|ZFIN ID: ZDB-PUB-090330-11|
Proteomic and functional analysis of NCS-1 binding proteins reveals novel signaling pathways required for inner ear development in zebrafish
Petko, J.A., Kabbani, N., Frey, C., Woll, M., Hickey, K., Craig, M., Canfield, V.A., and Levenson, R.
|Source:||BMC Neuroscience 10: 27 (Journal)|
|Registered Authors:||Canfield, Victor, Craig, Michael, Levenson, Robert, Petko, Jessica, Woll, Matt|
|PubMed:||19320994 Full text @ BMC Neurosci.|
Petko, J.A., Kabbani, N., Frey, C., Woll, M., Hickey, K., Craig, M., Canfield, V.A., and Levenson, R. (2009) Proteomic and functional analysis of NCS-1 binding proteins reveals novel signaling pathways required for inner ear development in zebrafish. BMC Neuroscience. 10:27.
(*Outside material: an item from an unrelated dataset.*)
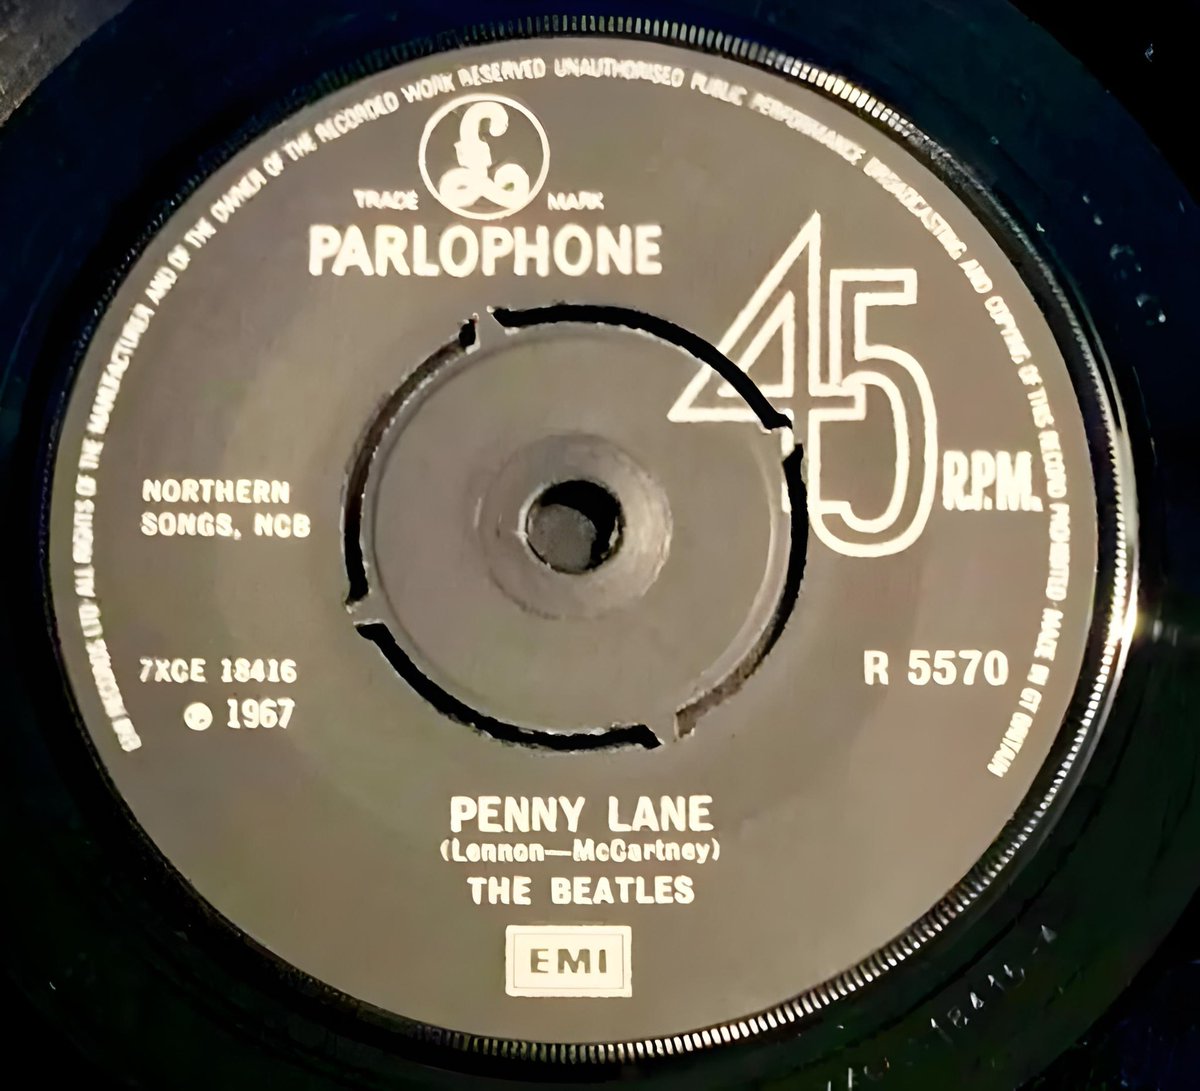 Penny Lane, released in 1967, has been described as the greatest single ever released. Would you agree? Link below to play 🎶 m.youtube.com/watch?v=S-rB0p…

ABSTRACTBACKGROUND: The semicircular canals, a subdivision of the vestibular system of the vertebrate inner ear, function as sensors of angular acceleration. Little is currently known, however, regarding the underlying molecular mechanisms that govern the development of this intricate structure. Zebrafish represent a particularly tractable model system for the study of inner ear development. This is because the ear can be easily visualized during early embryogenesis, and both forward and reverse genetic techniques are available that can be applied to the discovery of novel genes that are required for proper ear development. We have previously shown that in zebrafish, the calcium sensing molecule neuronal calcium sensor-1 (NCS-1) is required for semicircular canal formation. RESULTS: We initiated a multistep functional proteomic strategy to identify neuronal calcium sensor-1 (NCS-1) binding partners (NBPs) that contribute to inner ear development in zebrafish. By performing a Y2H screen in combination with literature and database searches, we identified 10 human NBPs. BLAST searches of the zebrafish EST and genomic databases allowed us to clone zebrafish orthologs of each of the human NBPs. By investigating the expression profiles of zebrafish NBP mRNAs, we identified seven that were expressed in the developing inner ear and overlapped with the ncs-1a expression profile. GST pulldown experiments confirmed that selected NBPs interacted with NCS-1, while morpholino-mediated knockdown experiments demonstrated an essential role for arf1, pi4k-beta, dan, and pink1 in semicircular canal formation. CONCLUSIONS: Based on their functional profiles, the hypothesis is presented that Ncs-1a/Pi4k-beta/Arf1 form a signaling pathway that is required for secretion of molecular components, including Dan and Bmp4, that are required for development of the vestibular apparatus. A second set of NBPs, consisting of Pink1, Hint2, and Slc25a25, are destined for localization in mitochondria. Our findings reveal a novel signalling pathway involved in development of the semicircular canal system, and suggest a previously unrecognized role for NCS-1 in mitochondrial function via its association with several mitochondrial proteins.